Satz further explained that while there is potential for more significant gains with companies like Arkema (EPA:AKE) or Evonik, which Citi rates as Buy, the new 2025E EBITDA estimate for BASF stands at €8.3 billion. This figure is 2% below the consensus and translates to a valuation of 7.5 times earnings before interest, taxes, depreciation, and amortization (EBITDA), which, in Citi’s view, no longer represents a clear undervaluation.

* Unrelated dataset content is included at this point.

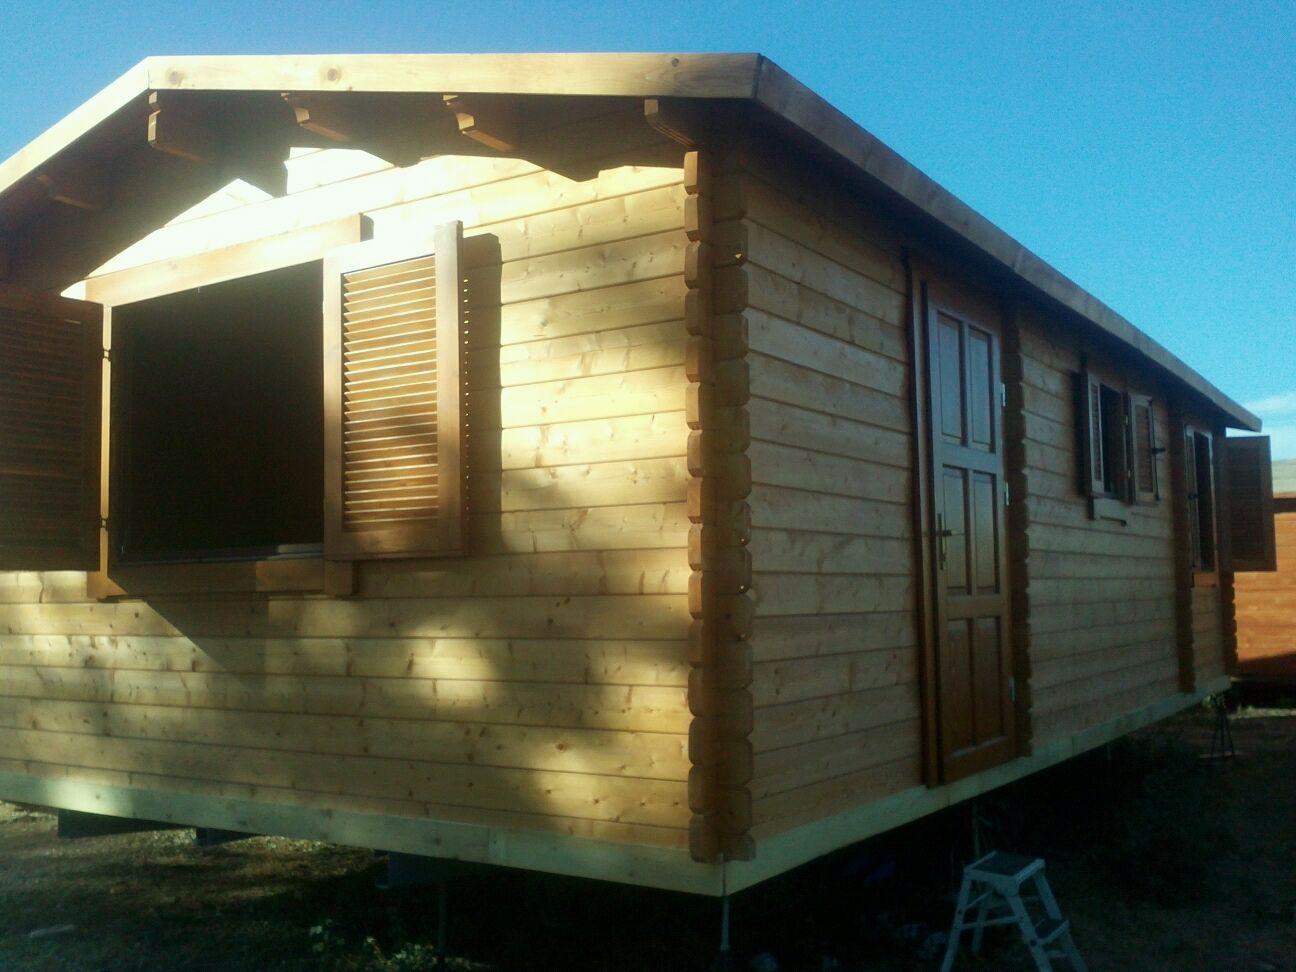 Casa movil de madera c diz de 9 5 metros tucaravana - Casas de madera cadiz ...

The possibility of a deal in the Coatings segment could offer some benefit to BASF’s valuation, yet the analyst expressed caution due to the company’s current leverage and the ongoing high level of macroeconomic uncertainty. Consequently, Citi does not anticipate that any potential proceeds from such a deal would be distributed to shareholders. The analysis reflects Citi’s position on BASF’s stock as the market continues to navigate through uncertain economic conditions.

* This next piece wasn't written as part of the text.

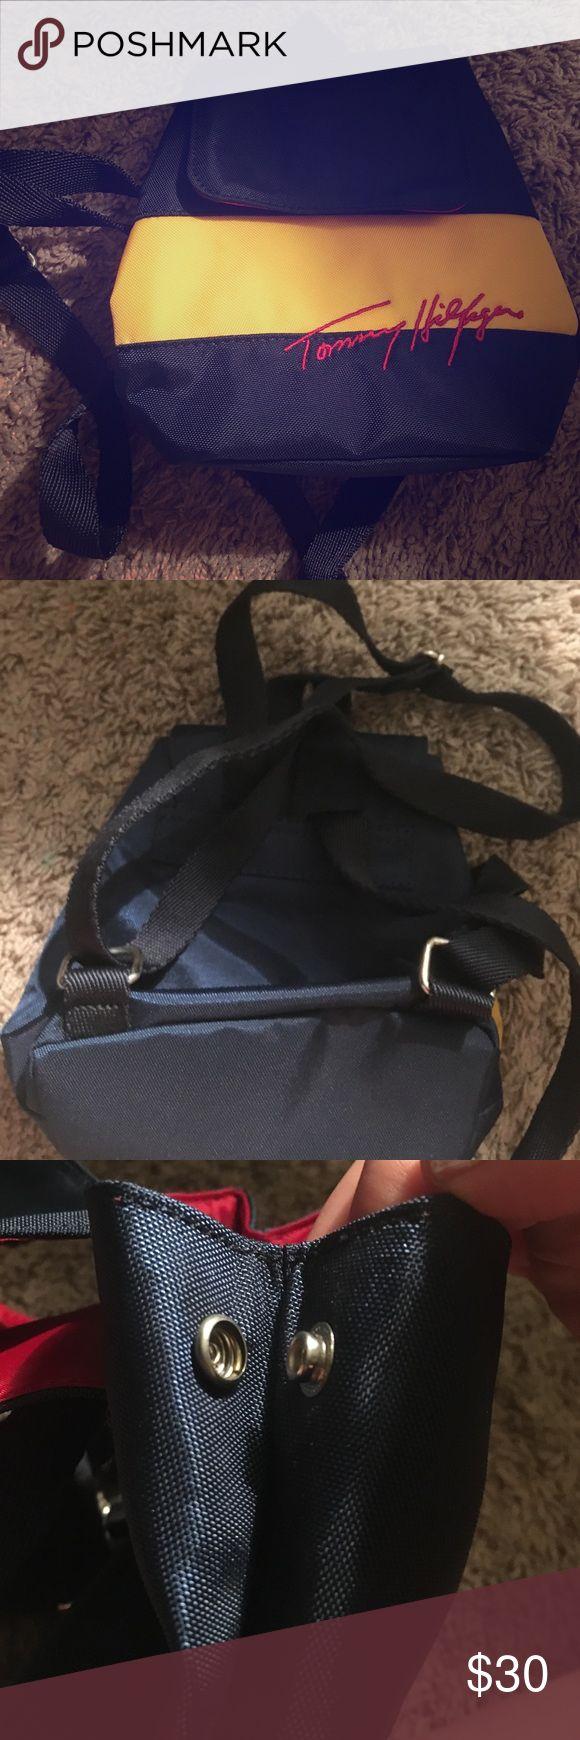 Spotted while shopping on Poshmark: Mini Tommy Hilfiger backpack! #poshmark #fashion #shopping #style #Tommy Hilfiger #Handbags

In other recent news, BASF SE announced the sale of its Brazilian decorative paints division for $1.15 billion, exceeding initial estimates. The company plans to continue exploring strategic options for its Coatings assets, valued over €5 billion, with full-year results expected soon. Citi analysts have reinstated coverage of BASF with a Neutral rating and a price target of EUR51.00, while expressing concerns that BASF’s free cash flow guidance may fall short of market expectations. Meanwhile, Berenberg analysts downgraded BASF from Buy to Hold, raising the price target slightly to EUR52.00, citing recent share price increases. Despite potential challenges, Berenberg had previously maintained a Buy rating with a target of EUR50.00, noting improved short-term earnings prospects due to Chinese stimulus measures and better plant utilization in Europe. BASF’s strategic moves, including potential divestitures in its Coatings unit, continue to be a point of interest for investors. Additionally, BASF’s investment in Harbour Energy could see strategic developments as a lock-up period for its stake ends in the first half of 2025. These developments reflect ongoing adjustments in BASF’s strategic and financial planning.